Take the material below and extract the lines from the one with "Talleres Permanentes Municipales 2018" through the one with "Transdirect Woocommerce shipping plugin", word for word, without pictures.

## Exercise data:
== == ==
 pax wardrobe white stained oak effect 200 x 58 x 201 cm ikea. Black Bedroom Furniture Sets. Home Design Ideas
== == ==
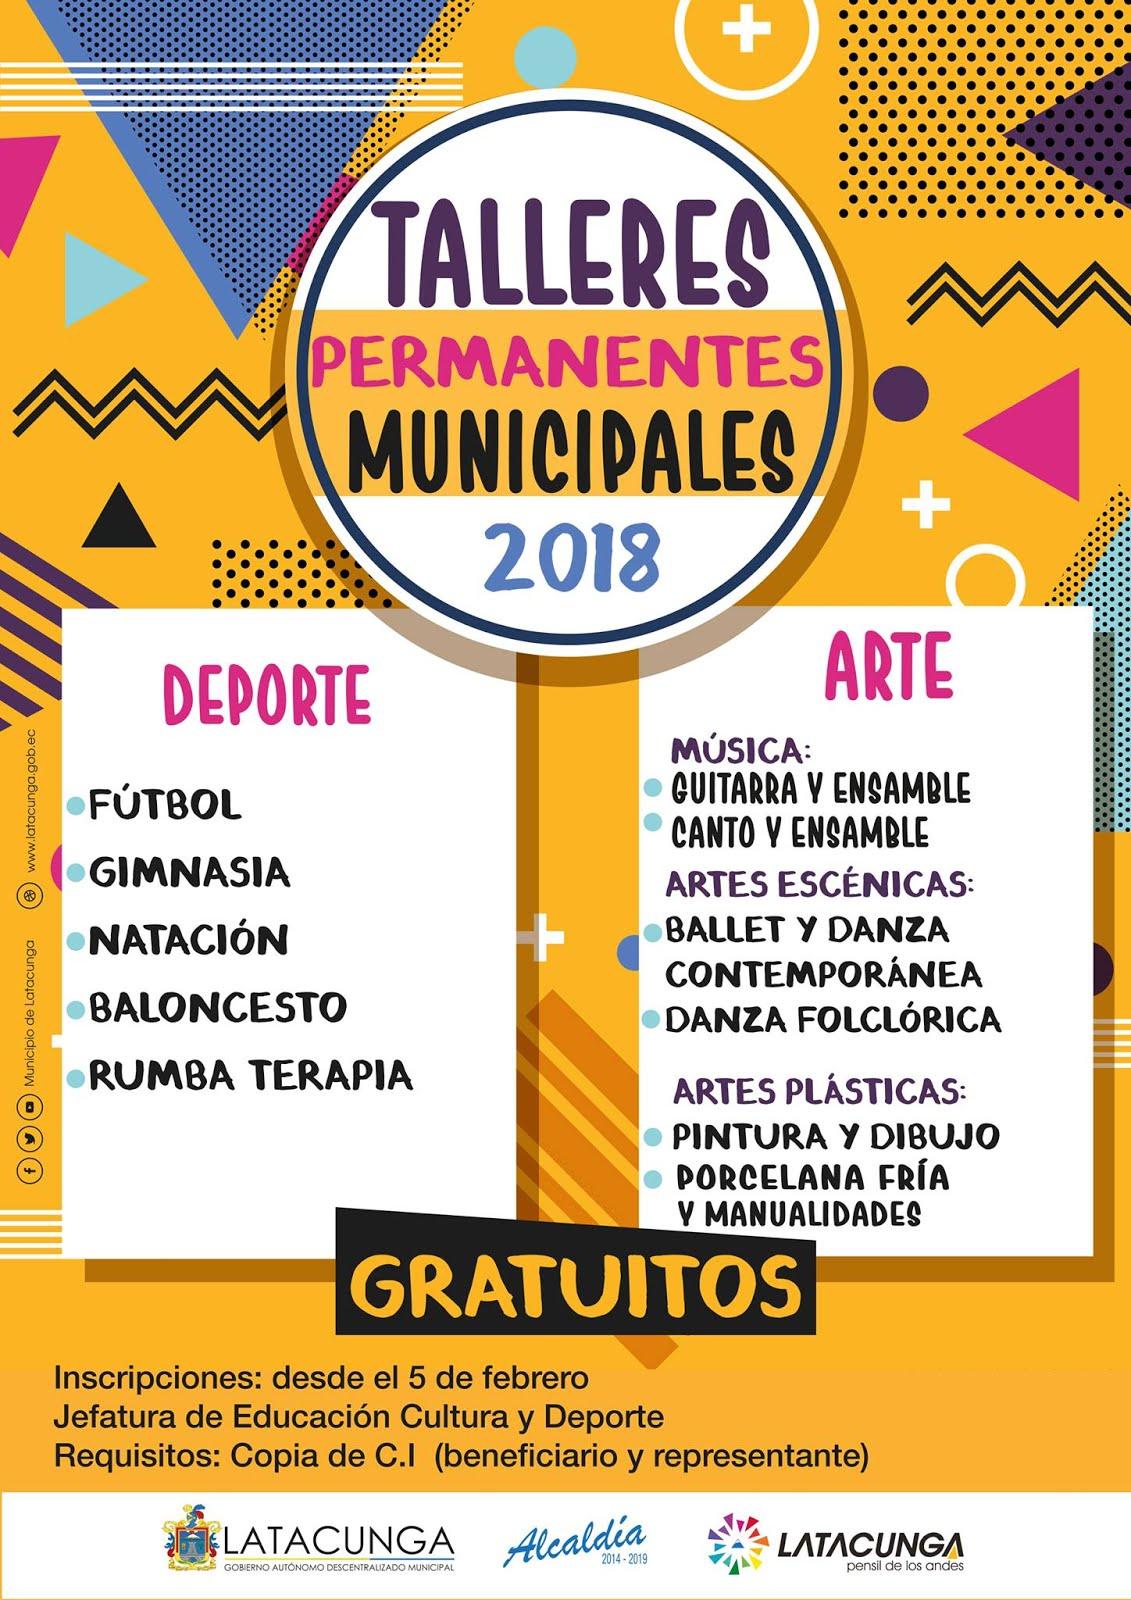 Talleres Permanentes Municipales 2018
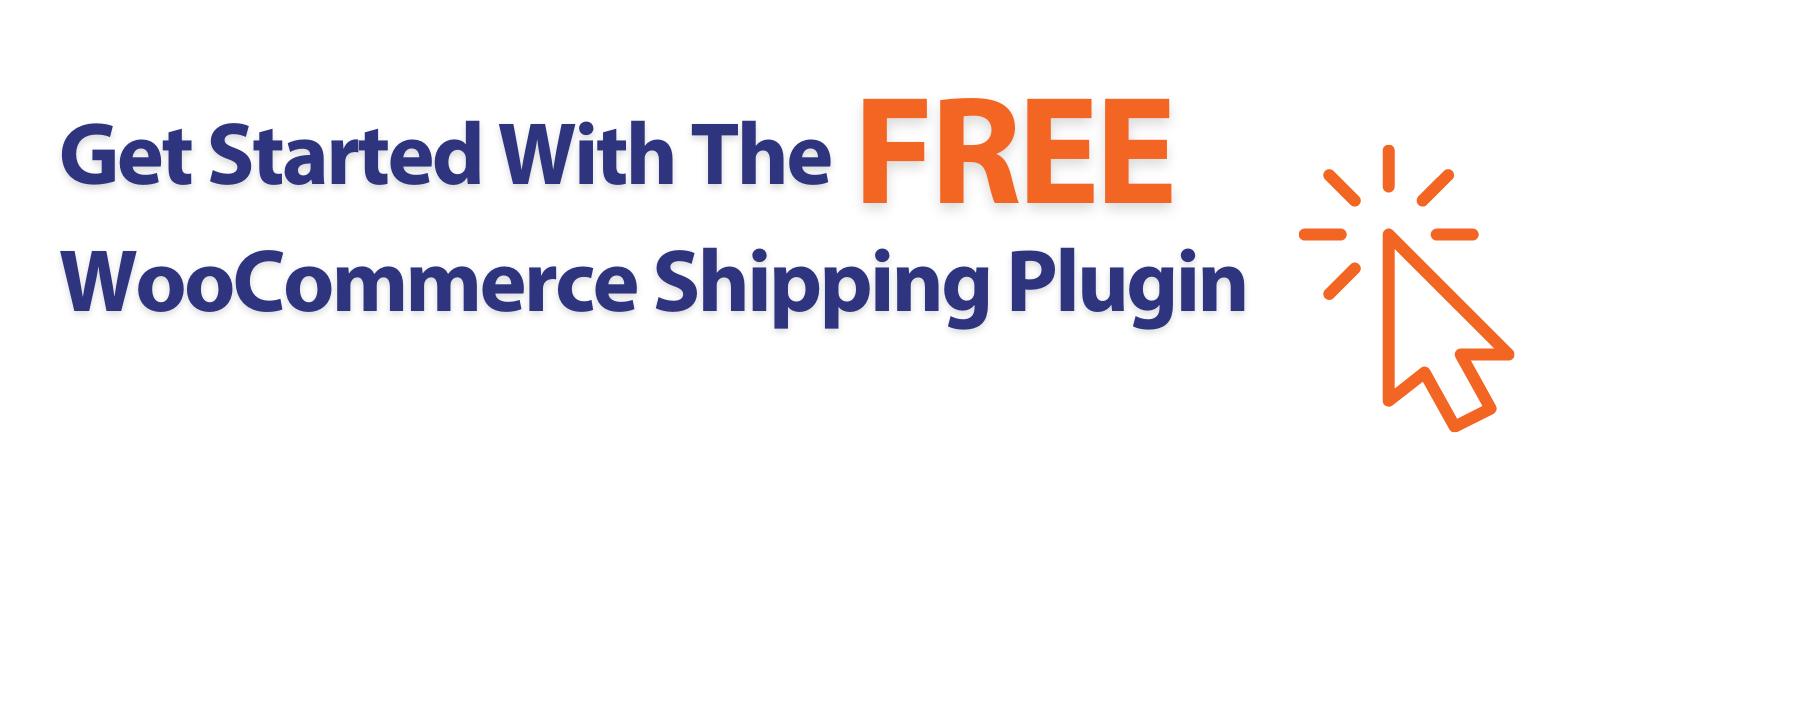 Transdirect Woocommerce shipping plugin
== == ==
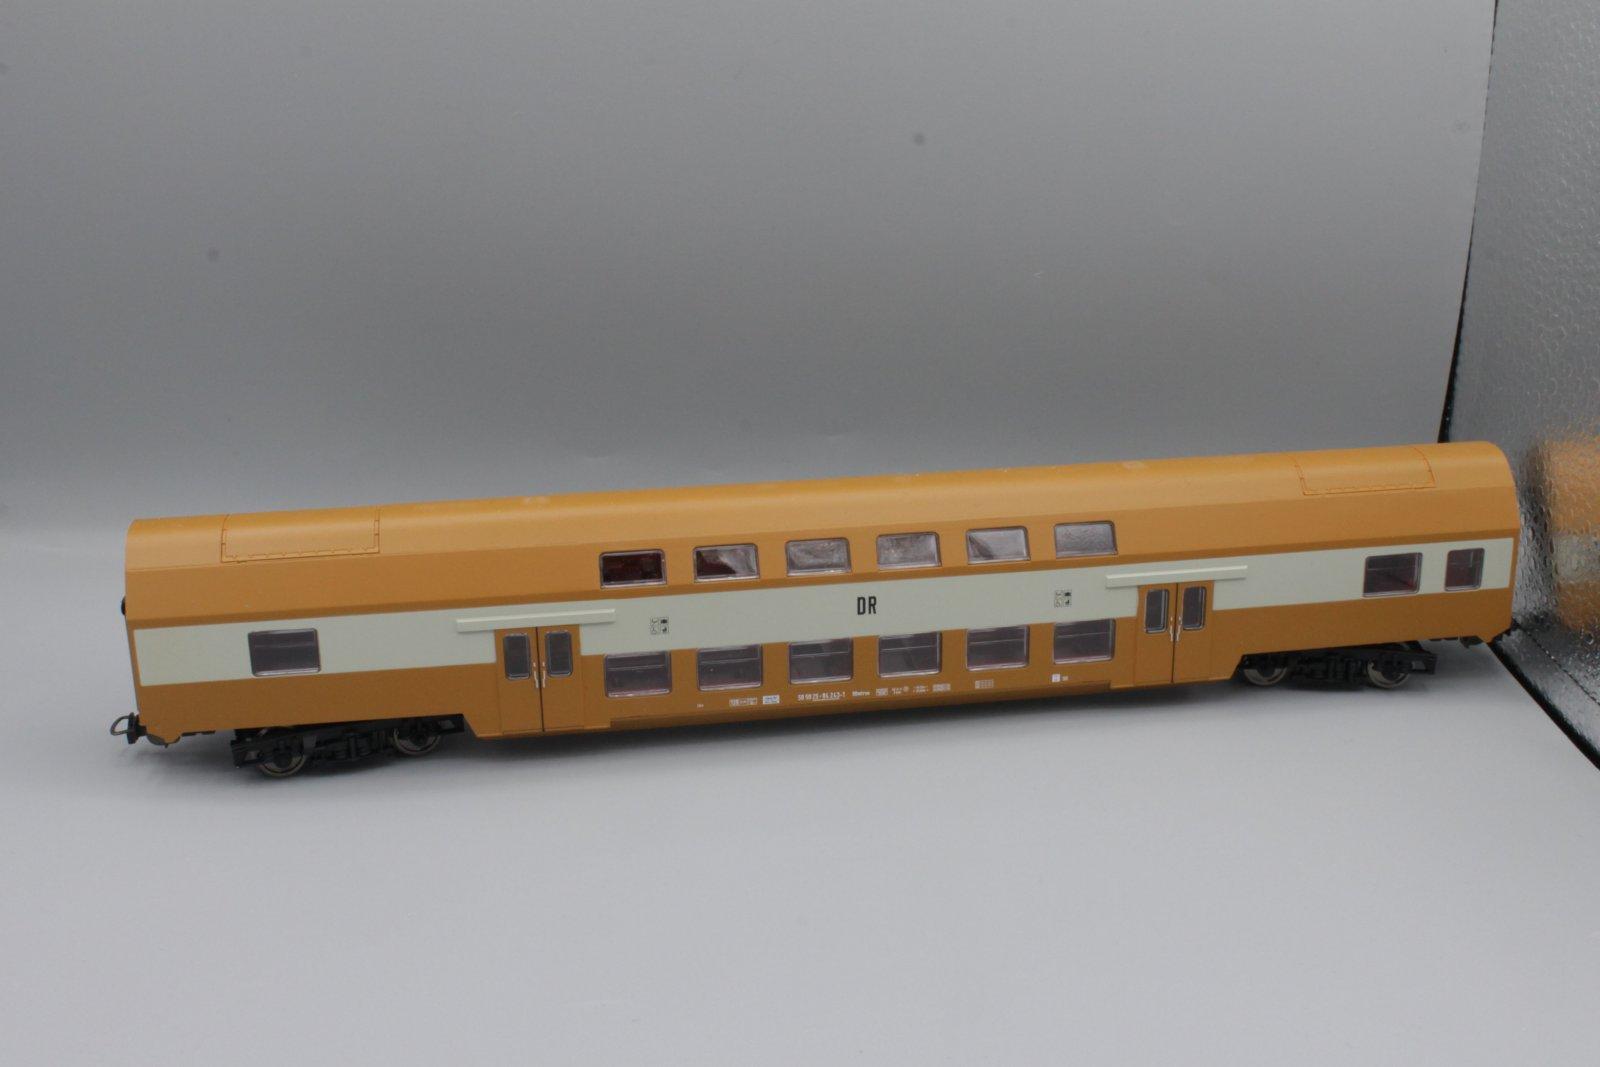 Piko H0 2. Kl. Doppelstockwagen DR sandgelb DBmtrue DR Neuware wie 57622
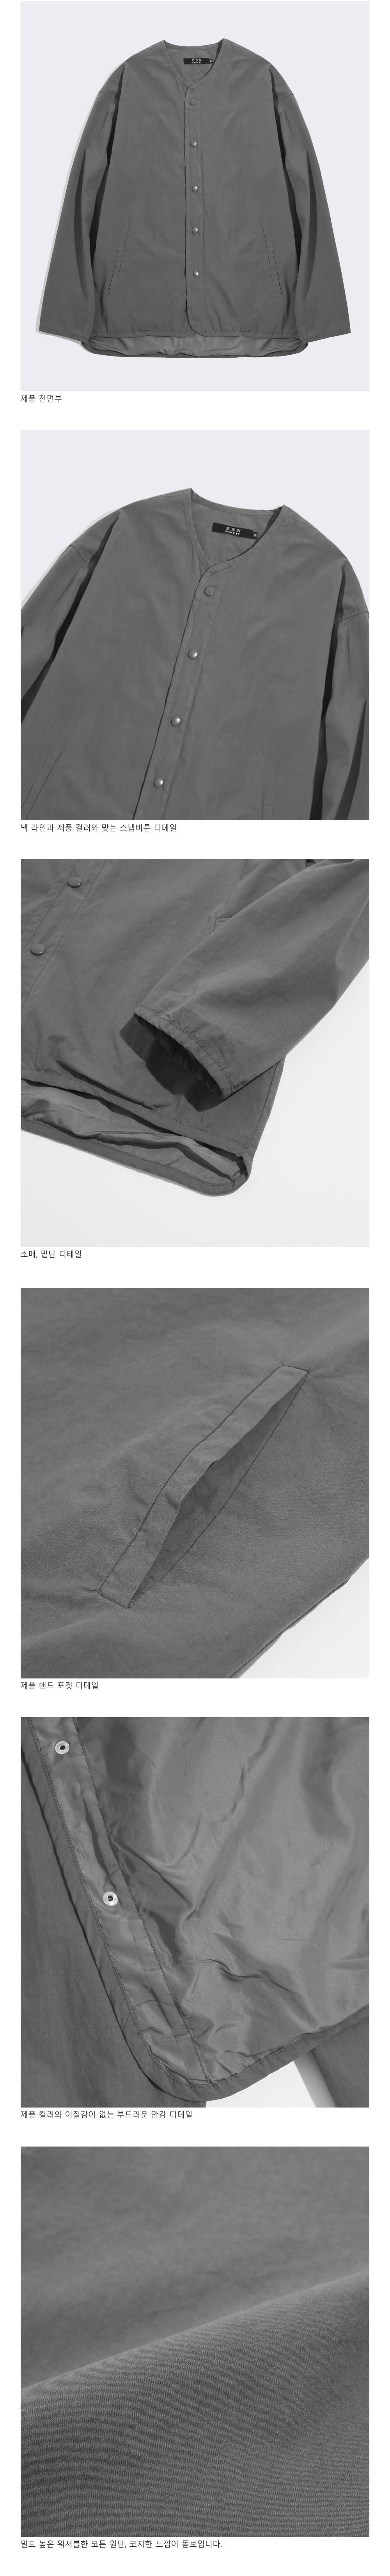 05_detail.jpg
== == ==
## Result of this task:
 Talleres Permanentes Municipales 2018
 Transdirect Woocommerce shipping plugin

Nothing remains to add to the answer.